Mezzala destra: Aaron Ramsey (Galles)

Ramsey ha giocato nell’inedito ruolo di regista avanzato tra le linee, con il compito di dare raziocinio alla transizione offensiva gallese. Il ruolo tra le linee che Coleman gli ha ritagliato in corso, dopo l’esordio più vicino a Bale, ha esaltato il suo talento da tuttocampista: Ramsey ha sia agito da gestore del pallone (primo della squadra con 49 passaggi di media a partita) che da rifinitore (3 passaggi chiave a partita e 4 assist su 10 gol totali del Galles), rimanendo in movimento costante senza palla per restare in linea con i centrocampisti. Ramsey è stato tanto fondamentale nello storico cammino del Galles, al punto che la sua assenza in semifinale (per l’ingiusta regola sui cartellini gialli) rappresenta il più grande rimpianto dei tifosi.

Mezzala sinistra: Andrés Iniesta (Spagna)

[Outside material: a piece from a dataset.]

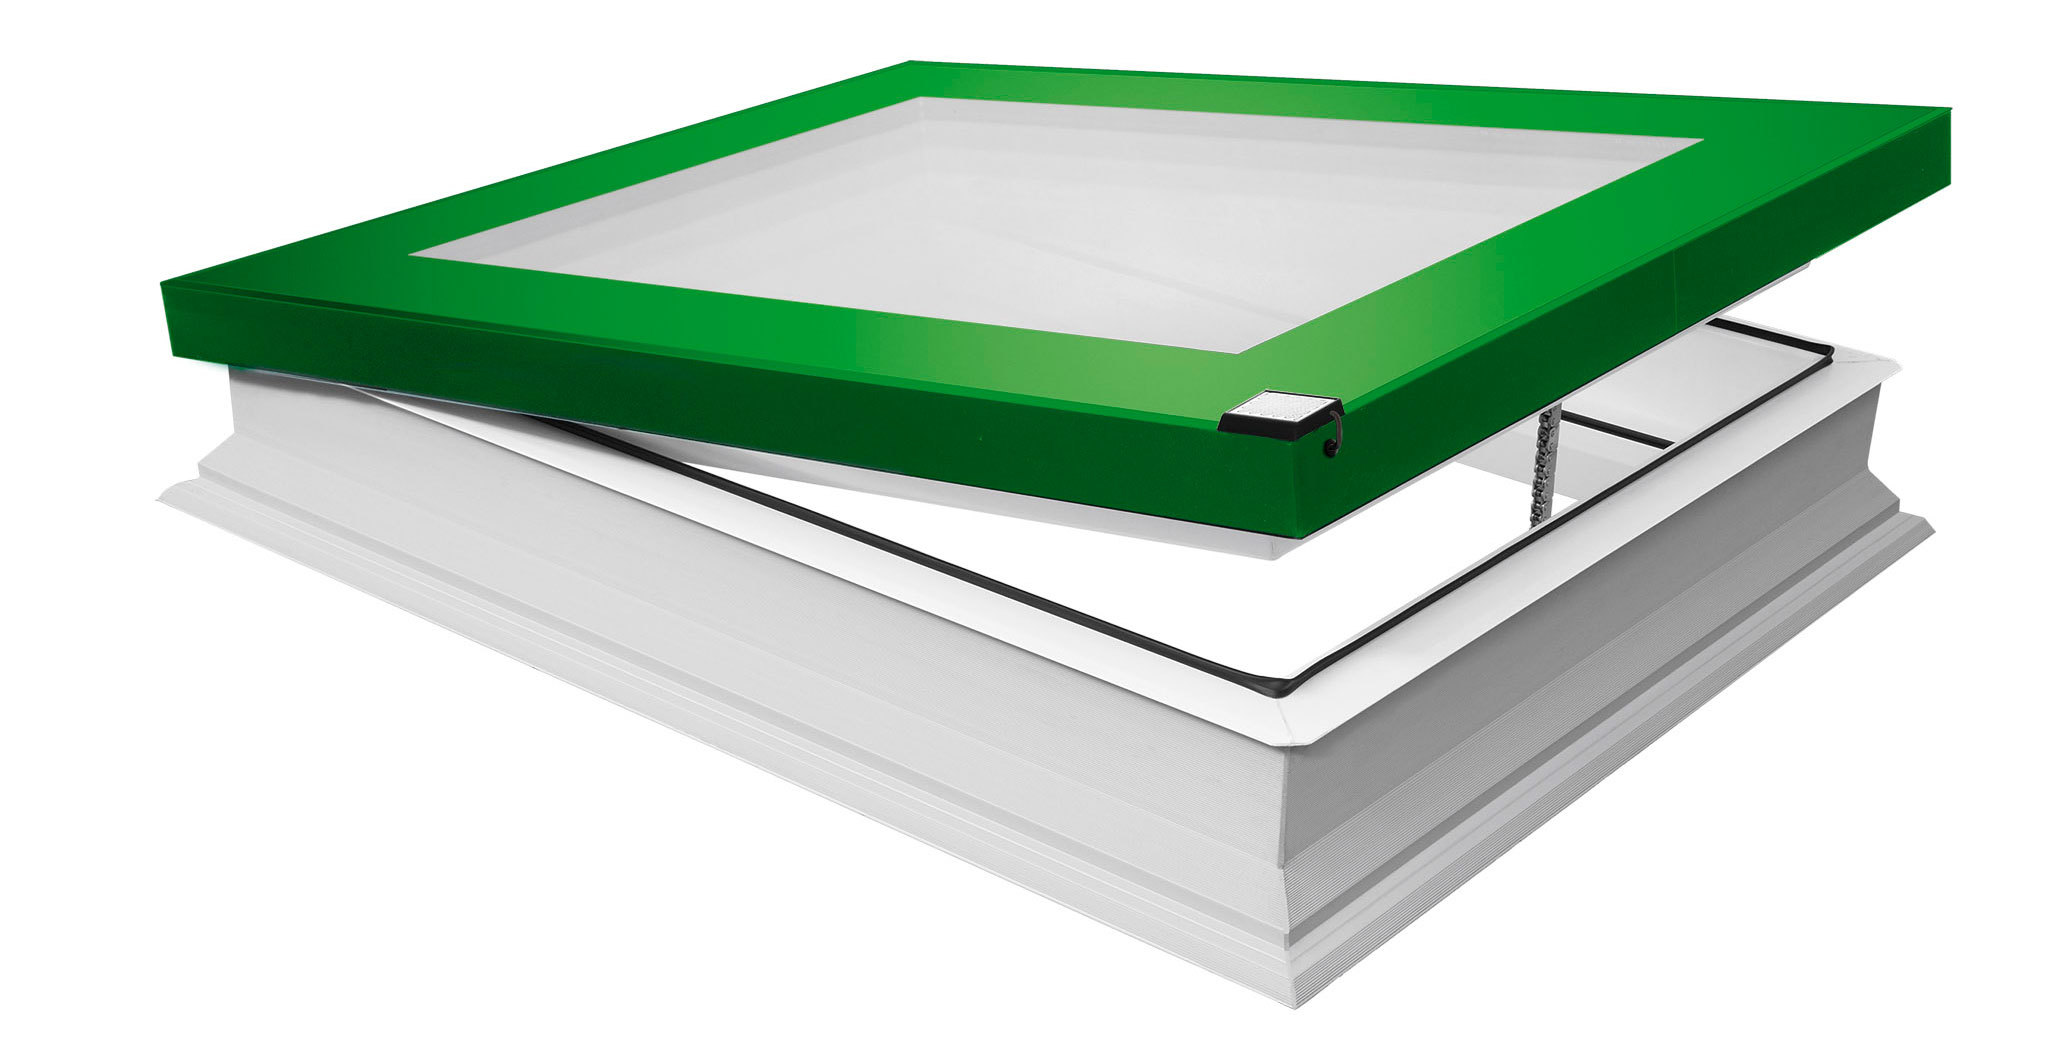 Green skylight

L’idea che la Spagna sarebbe arrivata là dove le partite perfette di Iniesta sarebbero state in grado di portarla si è avverata nella perentoria uscita contro l’Italia, in cui per la seconda volta la squadra di Del Bosque non è riuscita (per mancanza di adeguamenti tattici) a far esprimere al meglio il proprio giocatore migliore. Nella fase a gironi, però, Iniesta non ha avuto pari in quanto ad impatto nel torneo: l’esordio contro la Repubblica Ceca è stato un assaggio di quanto visto poi nella partita contro la Turchia (la singola prestazione migliore dell’Europeo?) e poi nel primo tempo di dominio contro la Croazia. Va sottolineato ancora come Iniesta si sia trovato per la prima volta in carriera a dover fare da leader tecnico e mentale di un gruppo, e non ha tradito in nulla le aspettative. L’Iniesta-sistema voluto da Del Bosque prevedeva la sua posizione di partenza come mezzala di possesso a sinistra, libero però poi di muoversi verso il centro per assumere il controllo totale della manovra (90 passaggi effettuati ogni 90 minuti, 2.3 passaggi chiave, 3.5 lanci) con una squadra messa in campo o con giocatori per associarsi a lui o specialisti funzionali, in entrambi i casi con l’intento di dargli opzioni di passaggio, che lui ha saputo sfruttare.

Trequartista: Dimitri Payet (Francia)

Payet è apparso raggiante già all’esordio, deciso con un suo bellissimo gol a coronare la prima prestazione da star dell’Europeo. In una Francia ancora in via di definizione, Payet ha rappresentato l’unica certezza di pericolosità offensiva. Al momento dell’esplosione di Griezmann, e del passaggio al 4-2-3-1 con cui la Francia ha affrontato la fase ad eliminazione diretta, Payet ha perso peso in un sistema che non necessitava più la sua posizione centrale per giocare il pallone, adattandosi a un ruolo più da rifinitore che non ha comunque intaccato la produzione offensiva: ha chiuso il torneo con 3.4 passaggi chiave, 3 tiri, 2.3 cross e 2.6 dribbling riusciti a partita.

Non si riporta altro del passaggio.